一站式时间序列分析工具,支持时序数据预处理、特征工程、模型训练、模型评估、模型预测等。

安装

# if you don't want to use the prophet model 如果你不想使用prophet模型
# run this
python -m pip install PipelineTS[core]

# if you want to use all models 如果你想使用所有模型
# run this
python -m pip install PipelineTS[all]

快速开始

查看可用模型

from PipelineTS.dataset import LoadWebSales

init_data = LoadWebSales()[['date', 'type_a']]
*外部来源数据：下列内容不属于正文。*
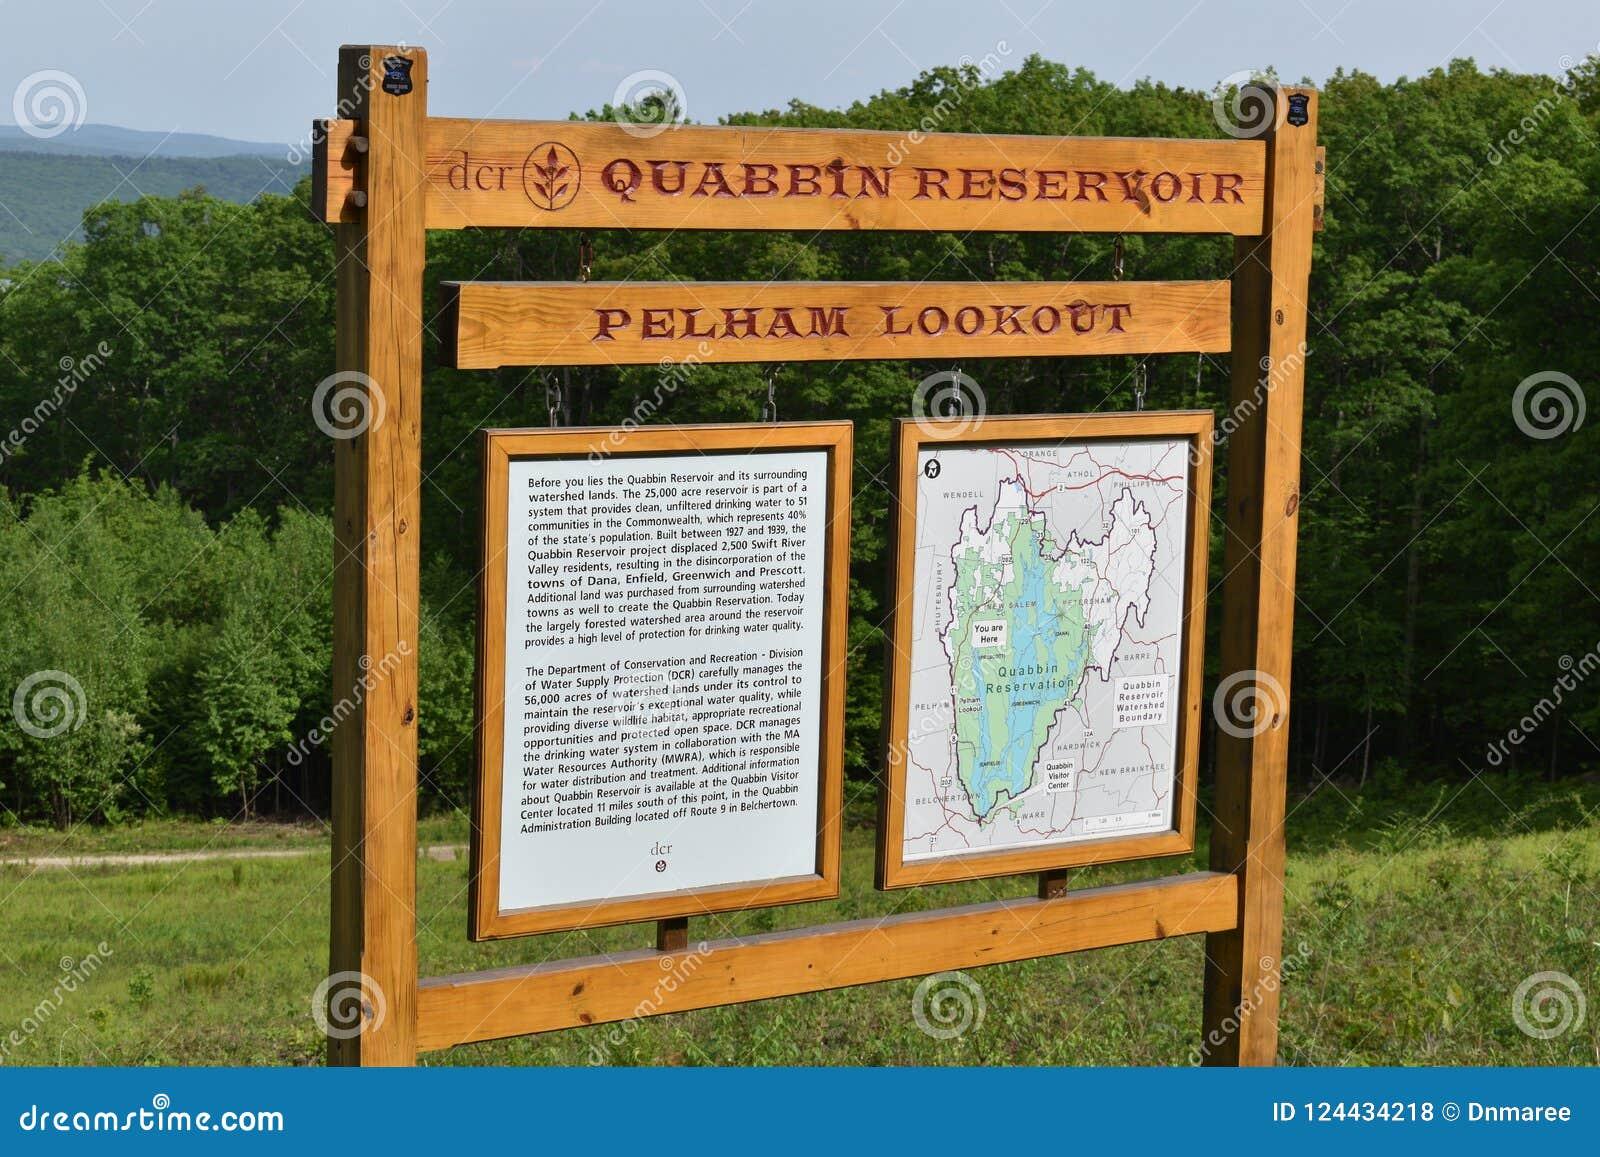 Marco decisivo do reservatório de Quabbin, região rápida de Quabbin River Valley de Massachusetts, Estados Unidos, E.U.,

valid_data = init_data.iloc[-30:, :]
data = init_data.iloc[:-30, :]
device = 'cpu'

from PipelineTS.pipeline import ModelPipeline

# list all models
ModelPipeline.list_all_available_models()
[output]:
['prophet',
 'auto_arima',
 'catboost',
 'lightgbm',
 'xgboost',
 'wide_gbrt',
 'd_linear',
 'n_linear',
 'n_beats',
 'n_hits',
 'tcn',
 'tft',
 'gau',
 'stacking_rnn',
 'time2vec',
 'multi_output_model',
 'multi_step_model',
 'transformer',
 'random_forest',
 'tide']

开始训练

from sklearn.metrics import mean_absolute_error

pipeline = ModelPipeline(
    time_col='date',
    target_col='type_a',
    lags=30,
    random_state=42,
    metric=mean_absolute_error,
    metric_less_is_better=True,
    device=device
)

# training all models
pipeline.fit(data, valid_df=valid_data)

# use best model to predict next 30 steps data point
res = pipeline.predict(30)

数据准备

from PipelineTS.dataset import LoadMessagesSentDataSets
import pandas as pd
# convert time col, the date column is assumed to be date_col
time_col = 'date_col'
target_col = 'ta'
lags = 60  # 往前的窗口大小,数据将会被切割成lags天的多条序列进行训练
n = 40 # 需要预测多少步,在这个例子里为需要预测多少天

# you can also load data with pandas
# init_data = pd.read_csv('/path/to/your/data.csv')
init_data = LoadMessagesSentDataSets()[[time_col, target_col]]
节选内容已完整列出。